Let’s use Alliant as our example since it’s been tried and tested.
To maximize the benefit of this technique, we want a small loan for a long period of time. With Alliant, we’ll choose a $500 loan for a 60-month loan period.
- First, become a member. Alliant Credit Union is open to select groups. Most of us become members by donating $10 to Foster Care to Success. There is a $5 signup bonus from Alliant, bringing down the net cost to just $5.
- During the membership signup, indicate that you want to open a Savings account as well. Their savings account is worth having anyway due to its relatively high interest rate, currently 1% APY. (Take a look at their checking account too while you’re at it.)
- Next add $510 to your Alliant savings account. Wait a couple days until the money appears.
- Next apply for a Savings Secure Loan from Alliant, alternatively called Shared Secure Loan.
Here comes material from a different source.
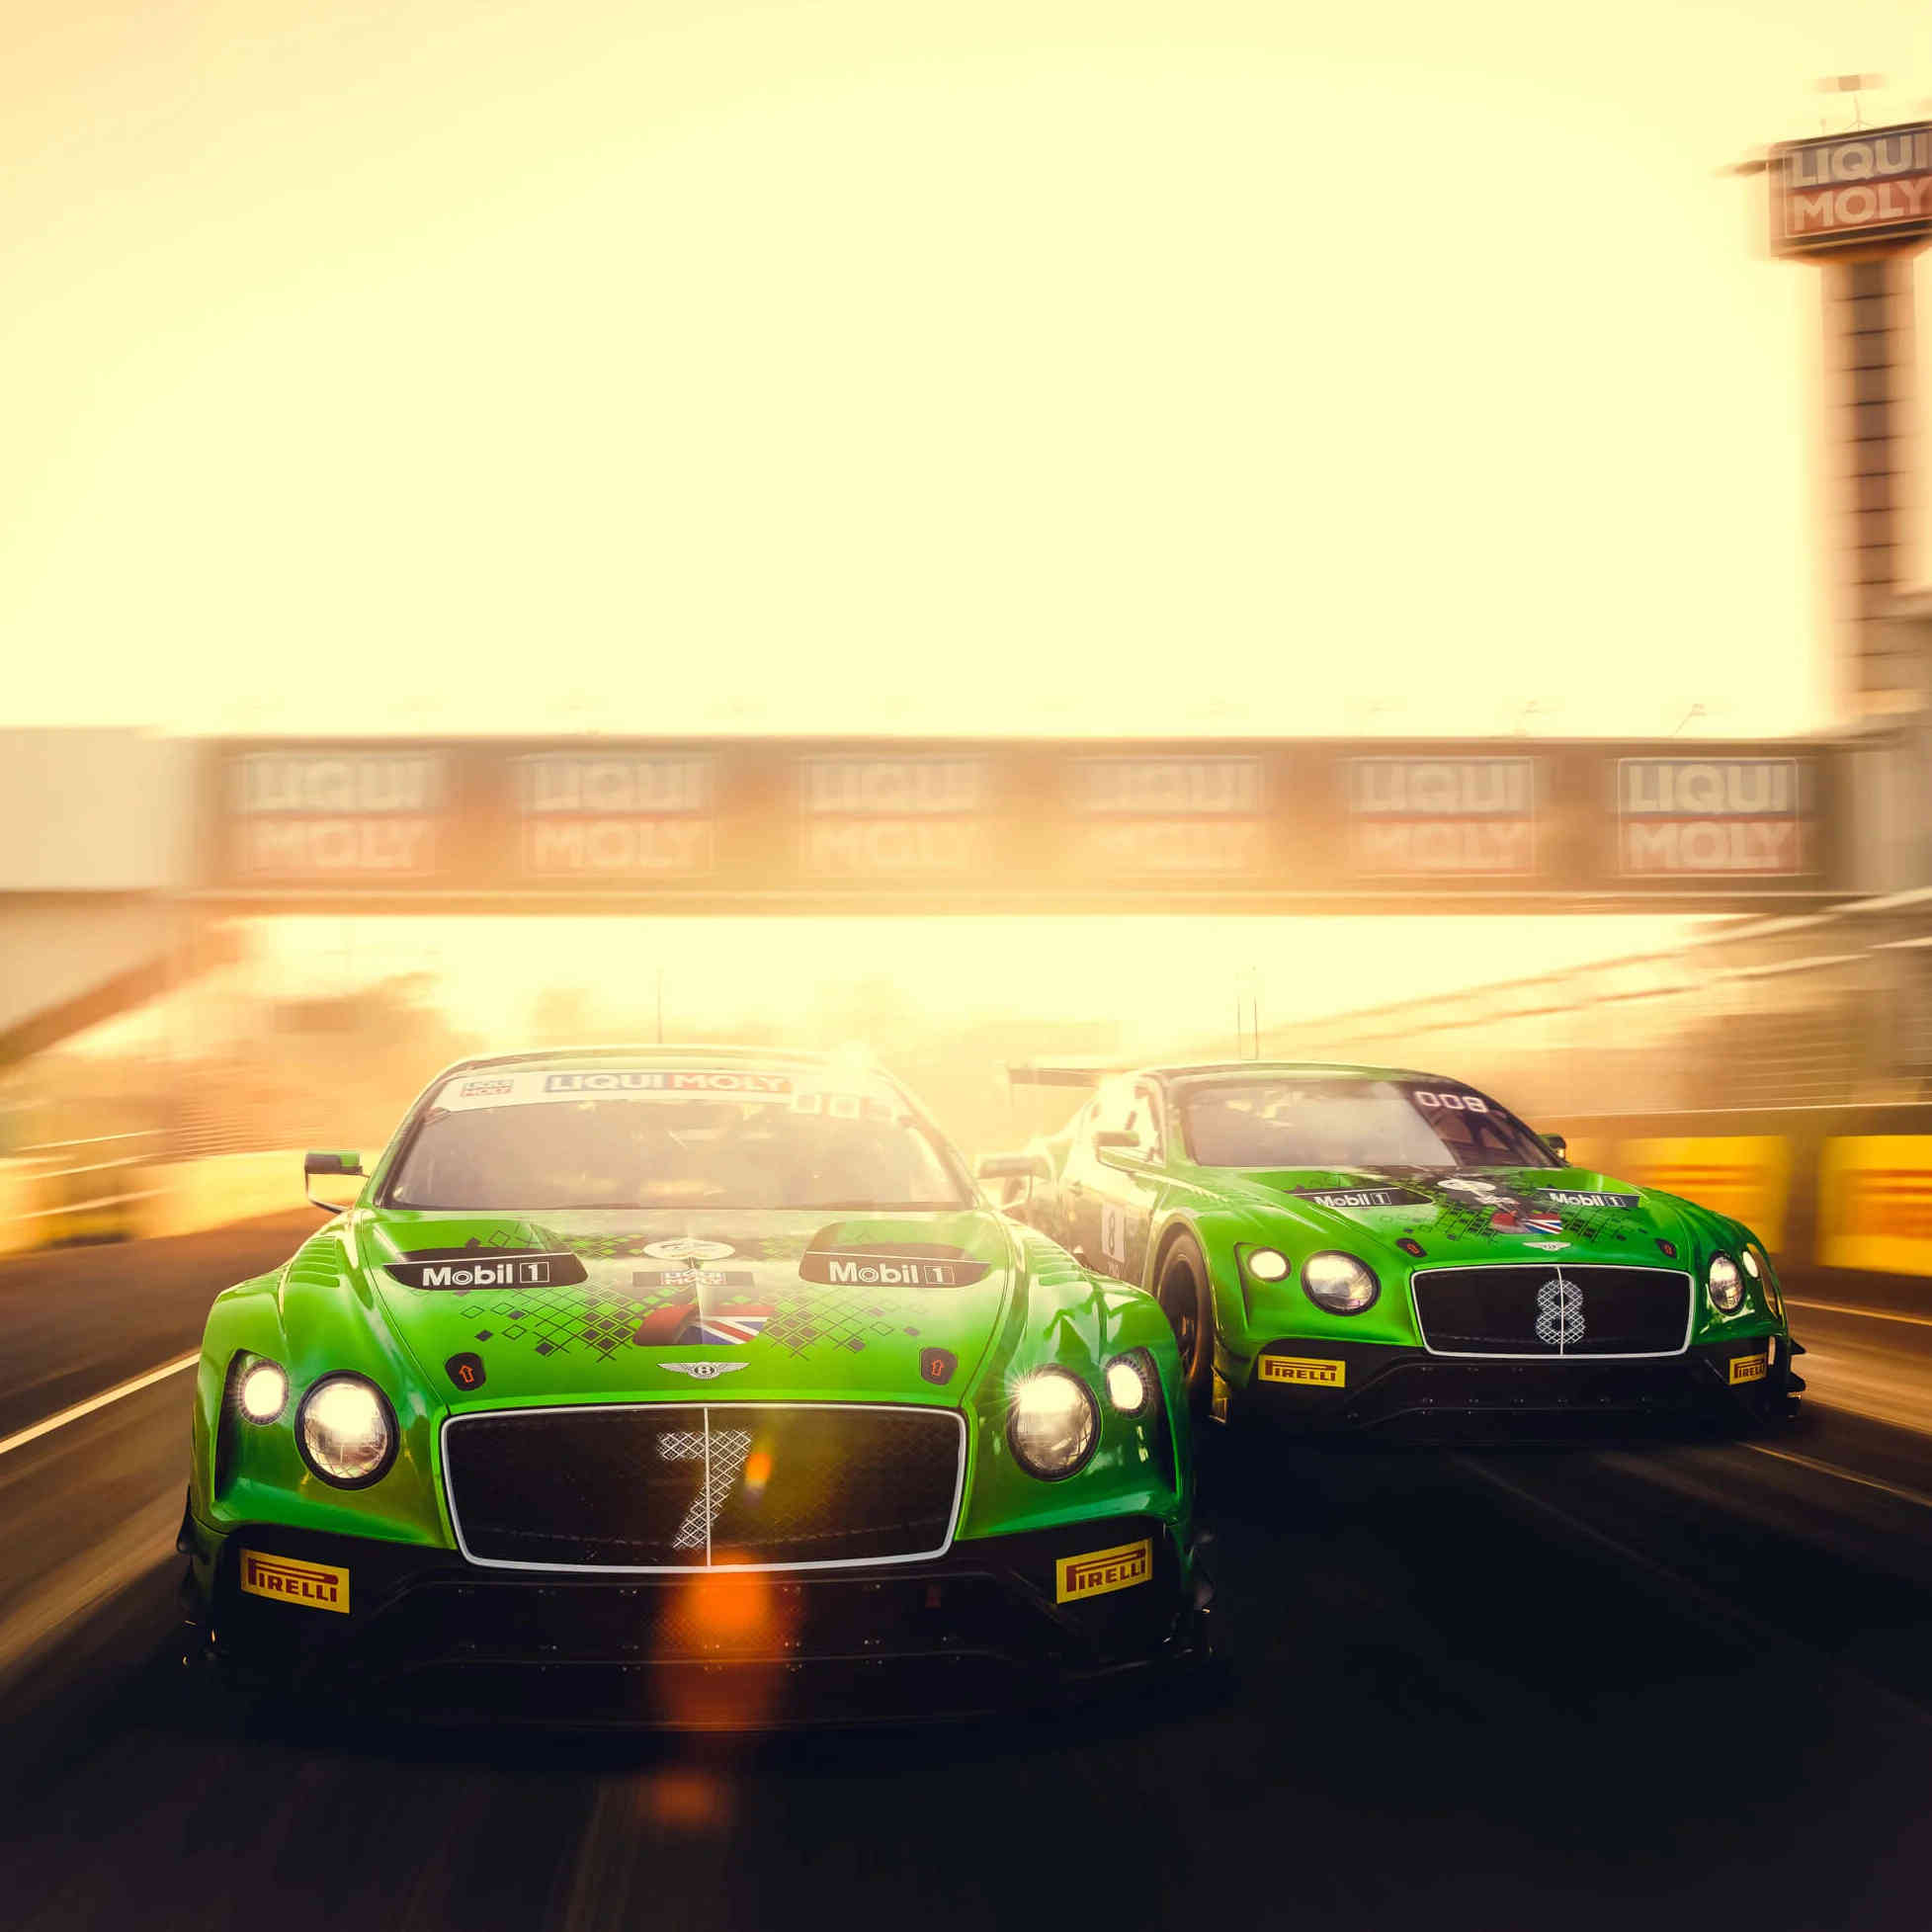 Bentley and M-Sport
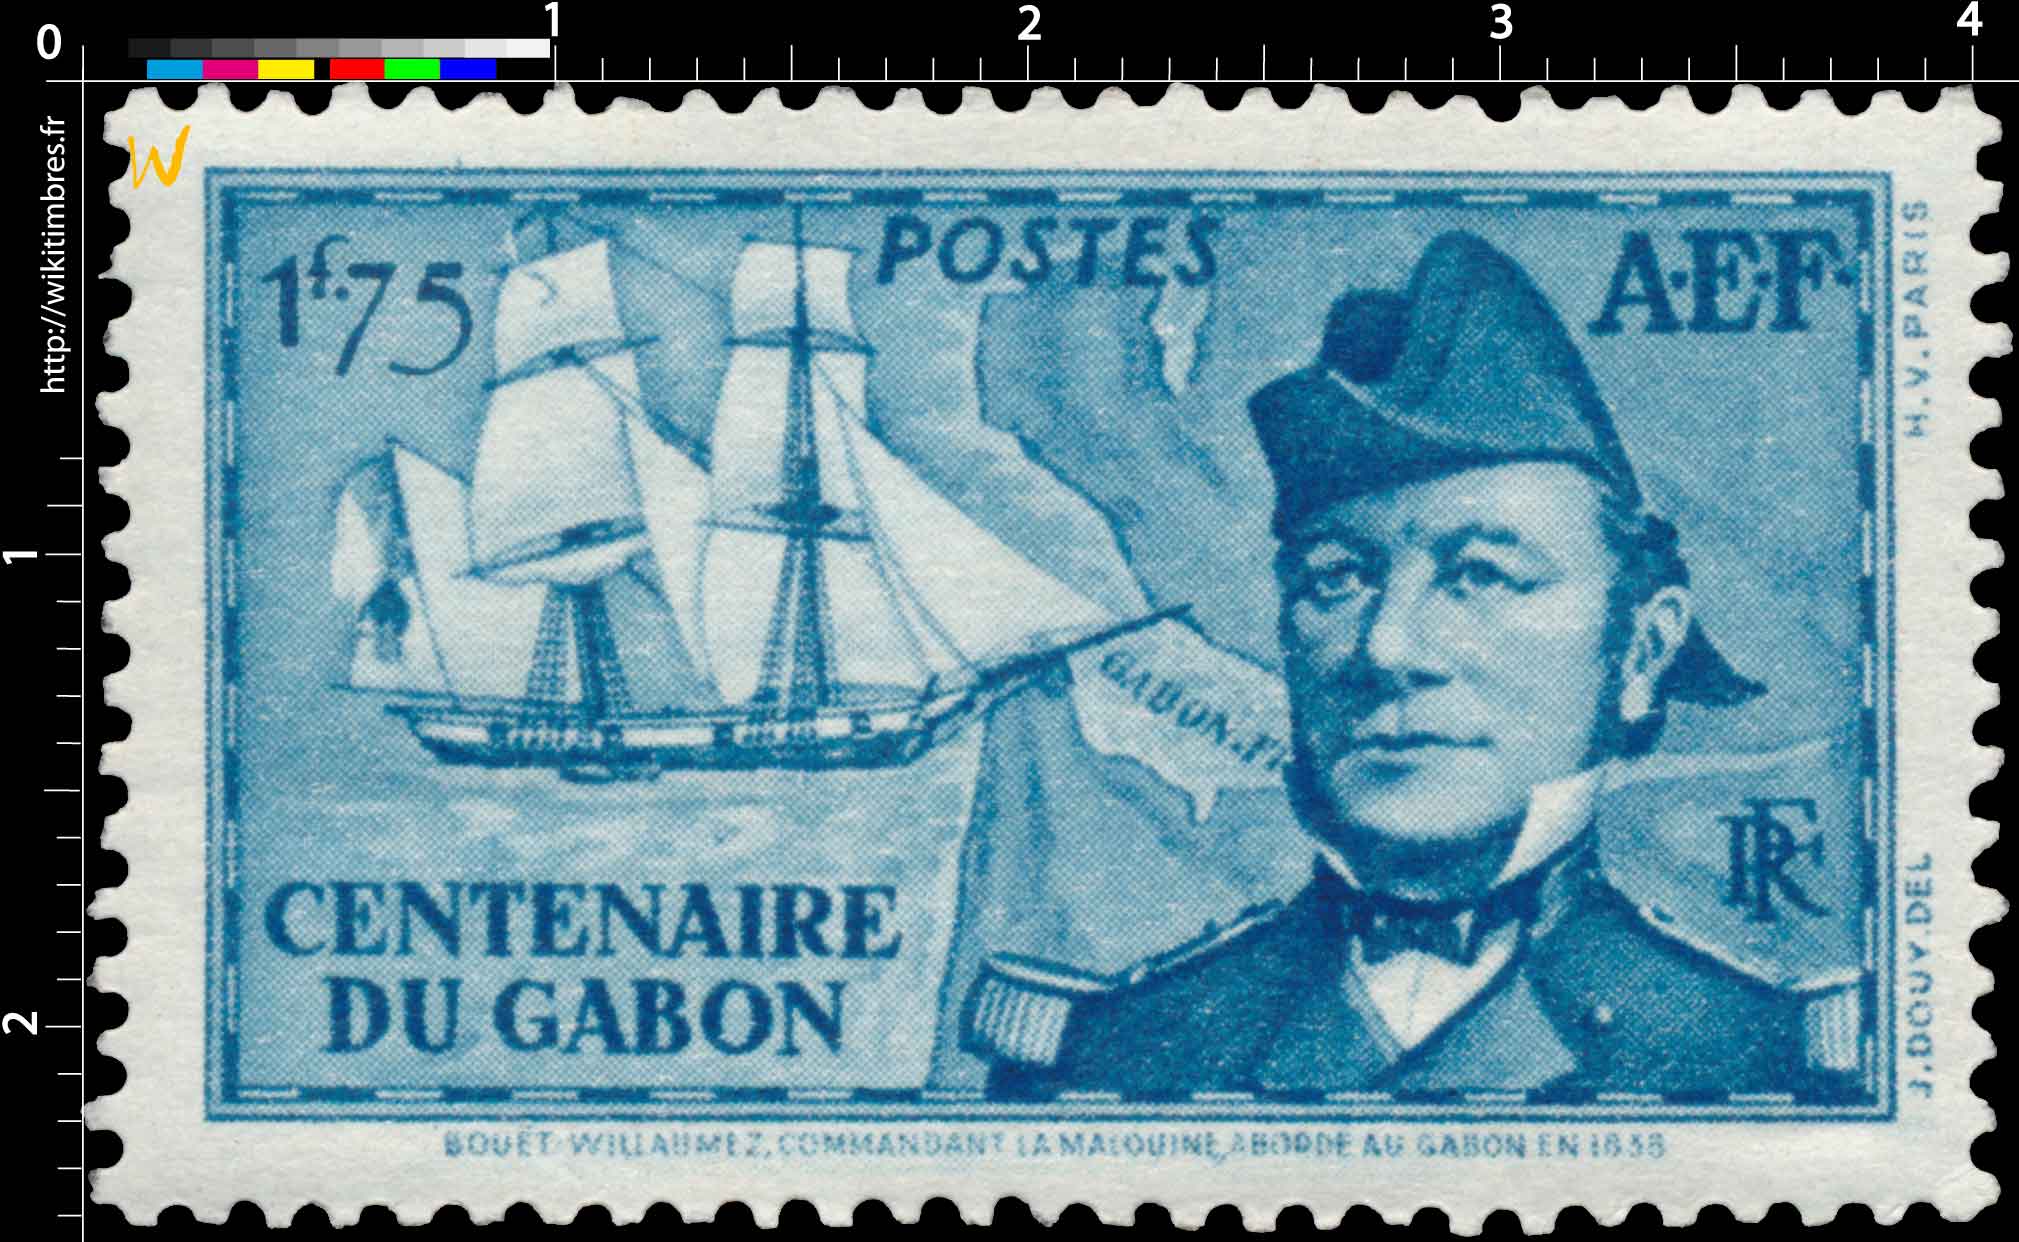 Centenaire du Gabon Bouet-Willaumez commandant la Malouine aborde au Gabon en 1838

Apply for a $500 loan for a 60-month duration.
- Next pay down most of the loan. Pay $420 and leave $80 remaining. The goal is to get to around $455 paid off and $45 outstanding for the remainder of the loan as this is the magic number from a credit perspective.
- At this point, you are paid off most of the way through the loan, and you technically don’t have to make payments until close the end. It might be worth making payments every few months to avoid inactivity.
- As you get closer the end of the loan (the final six months or year), you’ll have real required payments to make. Be sure you stay on top of those and don’t default. Mark it down on the calendar.
Within a few months, the loan should show up on your credit report and benefit your credit rating.
I’ve written the basic details here, but if you’re holding by actually going through with this, do yourself a favor and read this very clear, step-by-step walk-through on myFico. It’s also worth reading the detailed explanation of the credit benefits of SSLT on myFico (2 posts) which are also well written.
Things to Know
- This trick is not useful for anyone who already has a mortgage, car loan, or other installment loan.
- This trick won’t help your credit immediately; it will take a few months for the benefit to trickle down.
- Only do this if you have $500 to tie up for a few months.
- Beware that there is always some risk that Alliant can change course and start hard pulling when applying for a secured loan.
Aside from benefitting your Credit Mix (10%), this SSLT will also benefit your credit utilization (30%) since your ‘installment utilization’ will be very low as most of the loan was paid off and only a small amount is being carried over month to month. Installment utilization is calculated in your credit rating separate from your revolving loan utilization (credit cards), hence the benefit to your Utilization, even if you have multiple credit cards with low balances.
I found this technique very interesting since I fall into the category of those without anything on their credit report besides for credit cards, and this is a neat way to remedy that. It’s doubtful that it will make a difference for my future credit card approvals since I have a thick and strong credit report based on revolving loans. In my case, it’s more about helping for other types or loans or financing options that might come up in the future.
For those with thinner credit files, this can even help with credit card approvals in the future.